1.5. Социализм и коммунизм
Лишь на значительно более высокой ступени экономического развития, когда «все источники общественного богатства польются полным потоком» (Маркс), новое общество сможет достичь состояния, в котором будет возможно полностью ликвидировать экономически обусловленные классовые различия, довести до совершенства социальную справедливость за счёт полного общественного равенства всех членов общества и тем самым создать и обеспечить условия для как можно более всестороннего формирования, развития и активизации способностей всех индивидуумов. Однако это состояние достижимо лишь на более высокой ступени развития новой общественной формации, при полном коммунизме. Но социальное равенство не отменяет ни естественных, ни общественно приобретённых различий индивидуумов, ни, как это часто утверждают, индивидуальности. Напротив, оно является основой для развития всех индивидуумов с их различными способностями, поскольку уже не будет существовать социальный отбор и равные шансы будут у каждого человека.
Тогда состояние развития производительных сил — при весьма кратком рабочем времени — сделает возможным производство общественного богатства, удовлетворяющее разумные потребности всех людей независимо от достигнутой каждым из них эффективности труда. Поэтому тогда принцип распределения для индивидуального потребления сможет измениться, и распределение по труду (конечно, лишь постепенно) сможет смениться распределением по потребностям. Однако формы такого распределения нельзя смешивать с неким видом натурального хозяйства. Примитивные представления, данные Сталиным в его последней работе «Экономические проблемы социализма в СССР», о прямом «продуктообмене между индустрией и сельским хозяйством», не могут, несомненно, служить примером «коммунистического способа распределения».
Однако можно с уверенностью предположить, что этой ступени должна предшествовать гораздо более высокая стадия развития социалистического общества, характеризуемая гораздо более высоким уровнем благосостояния, чем был достигнут при различных формах социализма, существовавших до сих пор.
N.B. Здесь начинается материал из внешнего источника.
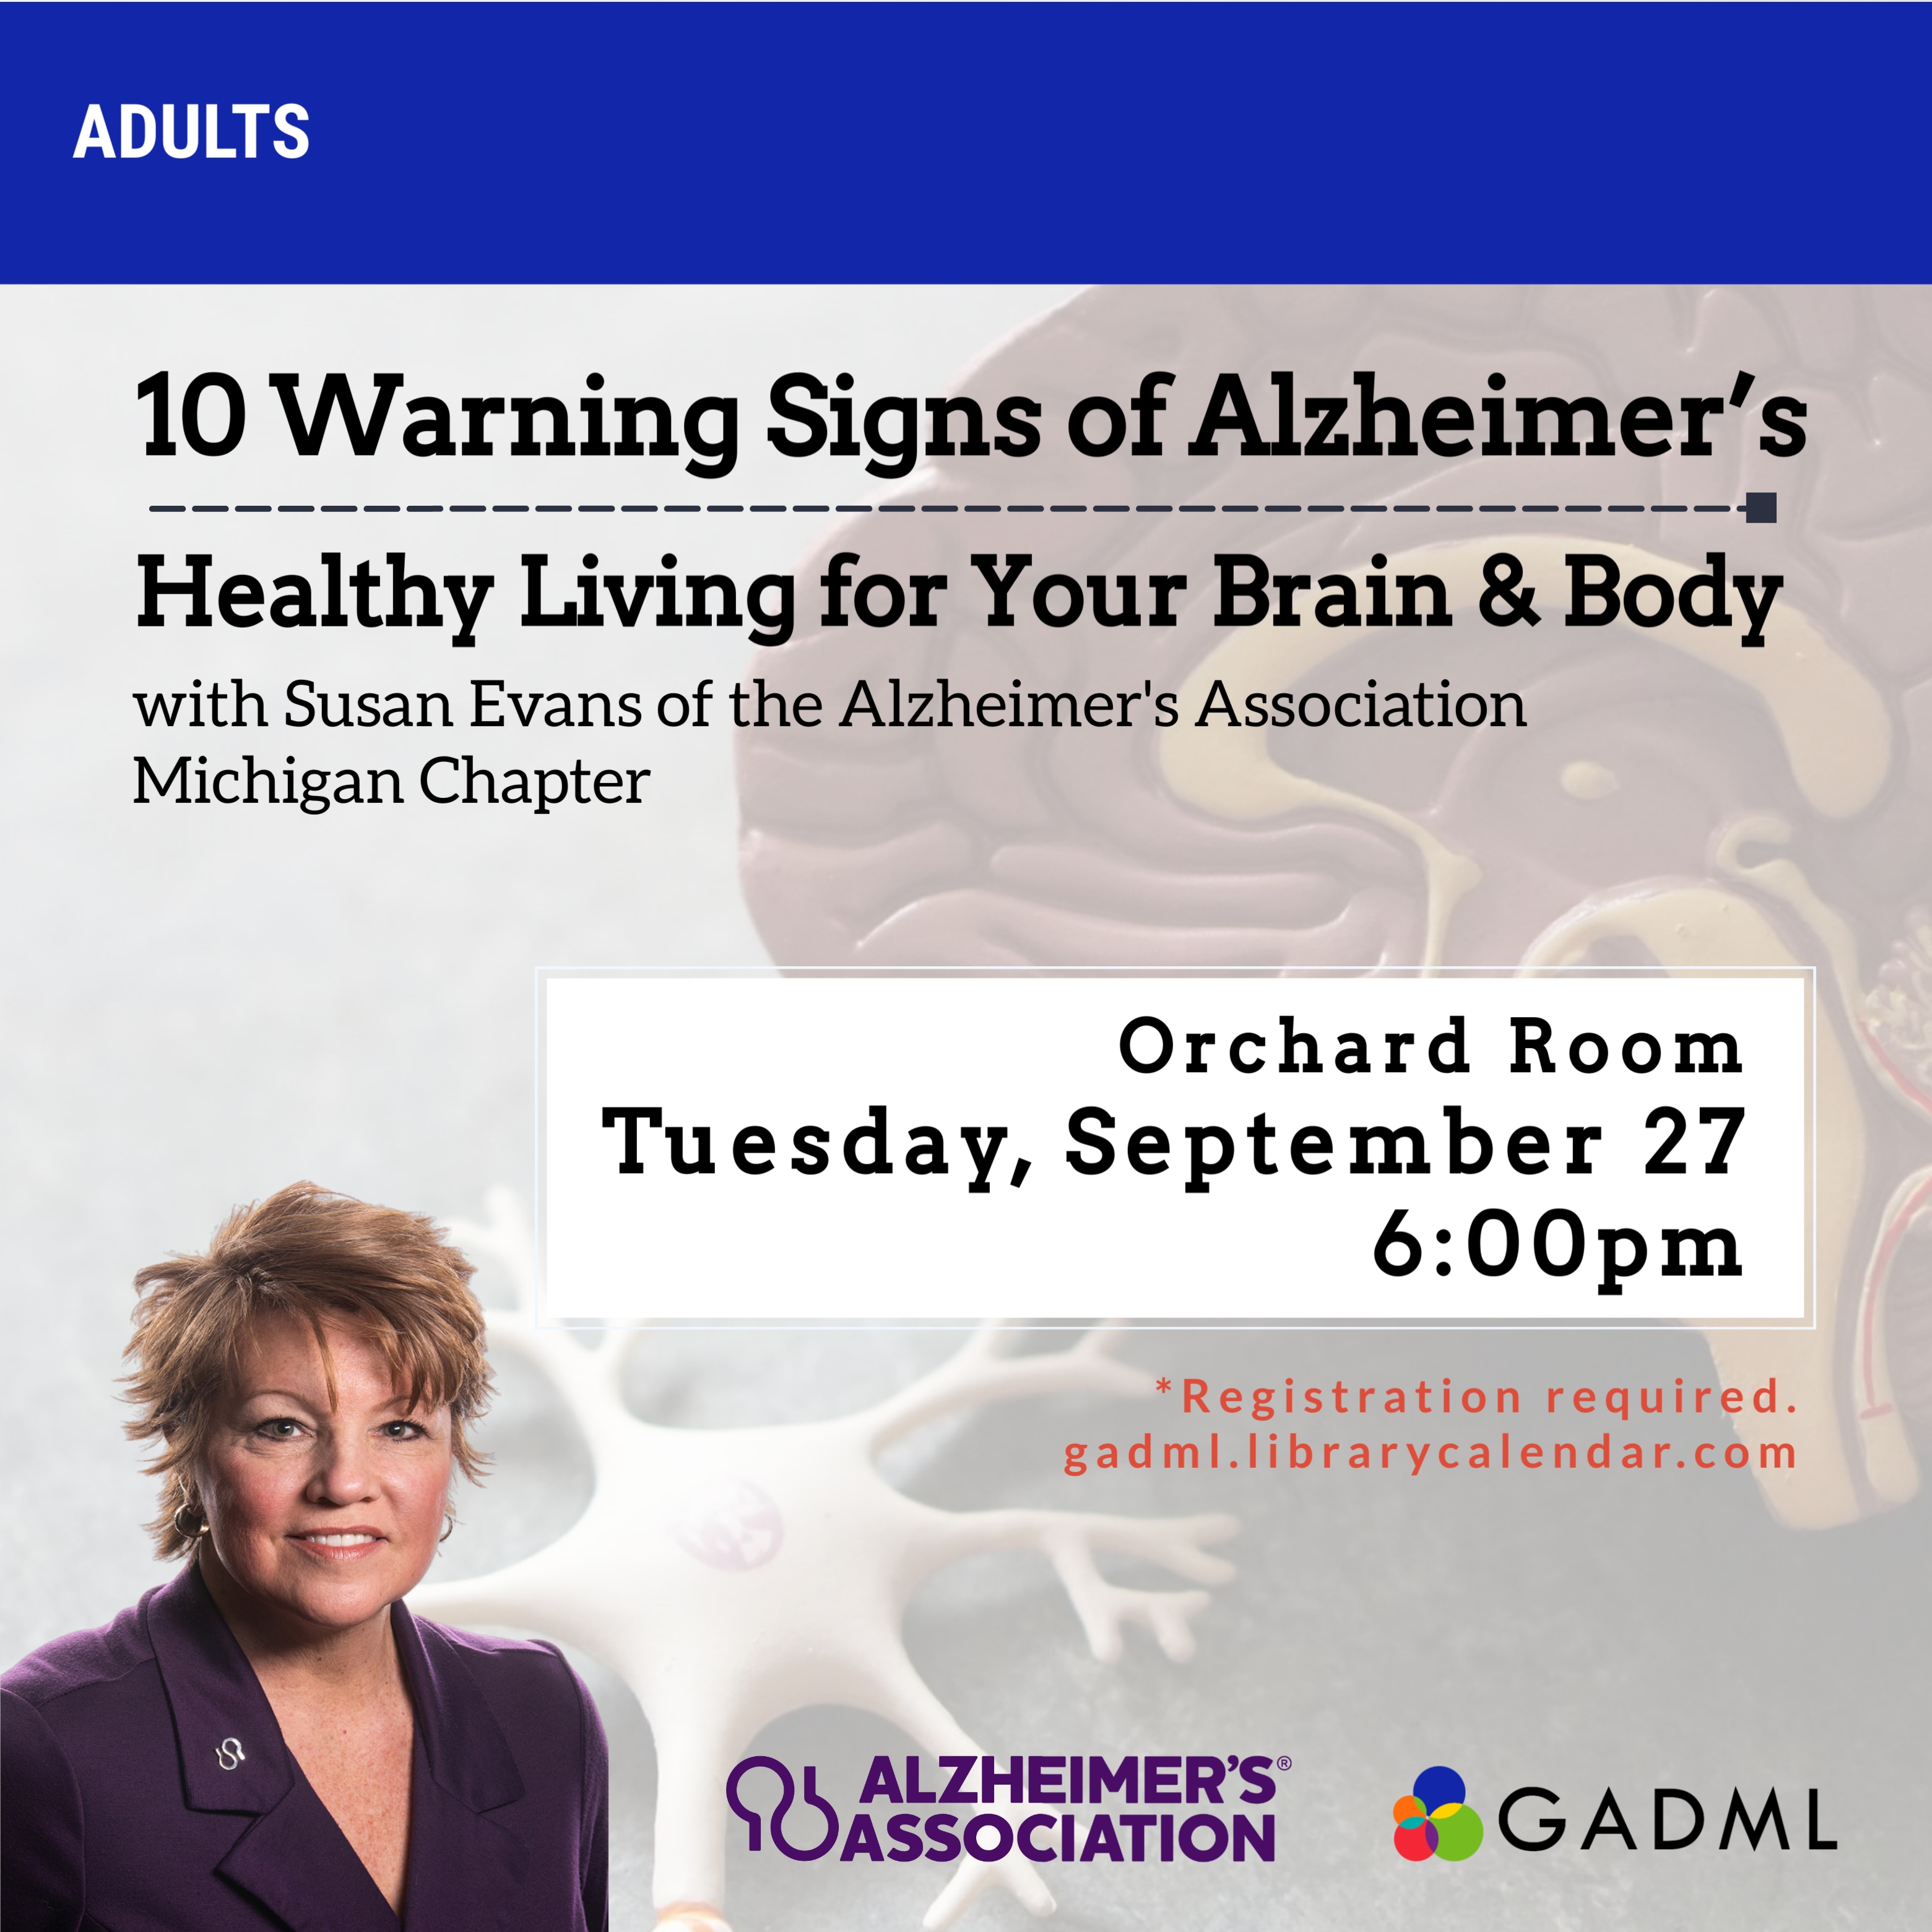 10 warning signs of alzheimers September 27 at 6pm

Все они оставались ещё очень далеки от возможности перехода на эту более высокую фазу коммунизма.
Что? именно в этом обществе изобилия будет считаться продуктами потребления с разумной структурой потребления, — это члены общества будут решать сами демократическим путём и на основе взаимопонимания. Поэтому нет большого смысла заниматься спекуляциями на эту тему. Однако можно с уверенностью предположить, что принятые решения положат конец созданию искусственных и зачастую бессмысленных потребностей, характерных для позднекапиталистической экономики, поскольку оно ведёт лишь к расточению природных и человеческих ресурсов, низводя человека до машины потребления, которой можно манипулировать, как заблагорассудится.
Кроме того, можно со всей определённостью утверждать, что эти решения будут основываться на гораздо бо?льших и основательных знаниях о взаимодействии природы и общества, чем те, которыми мы располагаем сегодня, и поэтому в будущем обществе прекратится неумеренное и бессмысленное расточение и уничтожение природных ресурсов. Поскольку общественное производство будет осуществляться уже не ради прибыли ничтожного меньшинства, а для обеспечения материальных условий существования богатой и культурной жизни всех людей, то тогда сможет во всё большей мере разрешаться также и противоречие между экономикой и экологией, и станет возможной реализация ещё Марксом сформулированного «экологического императива», согласно которому люди — не собственники природы, а лишь пользуются ей и потому должны передать её и следующим поколениям в улучшенном состоянии[37].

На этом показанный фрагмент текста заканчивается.